WRC2019/05/10

トヨタ勢、初開催チリにむけて戦いの準備完了

(c)Toyota

 WRC初開催となるラリー・チリがいよいよ開幕、トヨタGAZOOレーシングWRTは9日に行われたシェイクダウンでオイット・タナクが2番手タイム、ヤリ-マティ・ラトバラが3番手タイム、クリス・ミークが6番手タイムを記録、金曜日から始まる森林ステージに向けて、クルマのセッティングおよび最終確認を行なった。

 WRC初開催となるラリー・チリは、前戦ラリー・アルゼンチンと同じく、南米大陸を舞台するグラベルラリーとなる。しかし、コースの特徴はアルゼンチンと大きく異なり、ステージの大部分が森林地帯で行なわれる。路面は全体的にフラットで、クルマに大きなダメージを与えるような石はそれほど多くない。スピードが乗る中高速コーナーが続き、ドライバーにとっては比較的走りやすいコースだといえる。しかし、道幅が狭いところも多く、道の先が見えないクレストやジャンプもあるため、正確なドライビングテクニックが求められる。

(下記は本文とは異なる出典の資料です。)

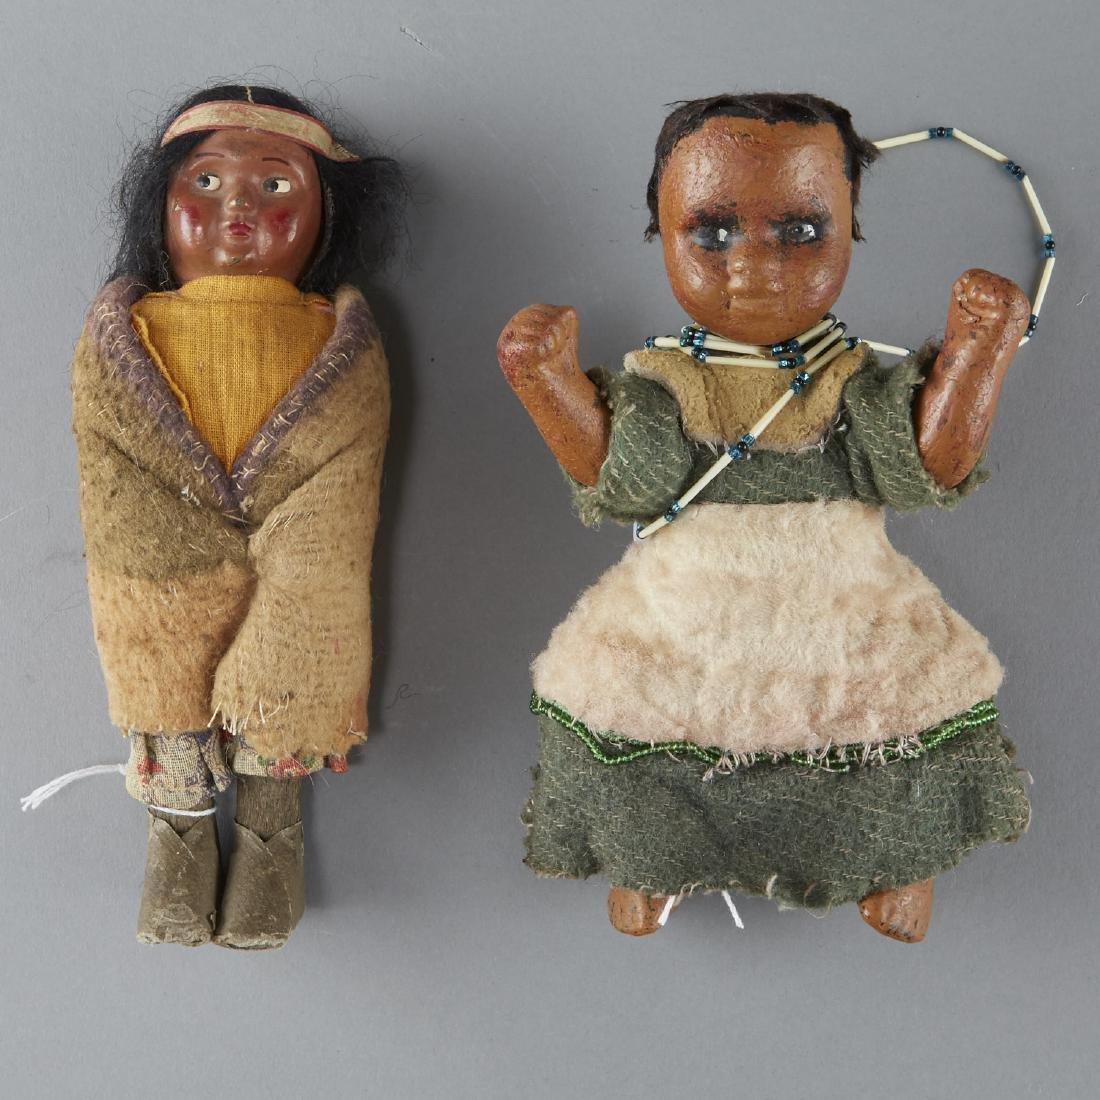 2 Native American Dolls, 1 Skookum

 WRCのマニュファクチャラーチームは、ヨーロッパ以外での走行テストが禁じられており、ラリー前にWRカーでチリの道を走る事はできません。そのため、初開催のラリーながら事前テストのチャンスはなく、チームにとってシェイクダウンは貴重なテストの機会となった。

 チーム代表のトミ・マキネンは次のようにコメントした。「シェイクダウンは、ドライバーにとって初めてチリの道を走るチャンスだったので、本当に重要だった。走り始めの路面は濡れていて非常にトリッキーだったが、その後だんだんとドライになっていき、ドライバー全員が良いフィーリングを感じたようだ。何も問題は起こらず、あらゆる路面コンディションで良いタイムがでた。万事順調だと思いますので、明日朝の競技スタートがとても楽しみだ」

 タナクは、良いフィーリングを感じて自信をもって走れるかどうかが鍵になると語った。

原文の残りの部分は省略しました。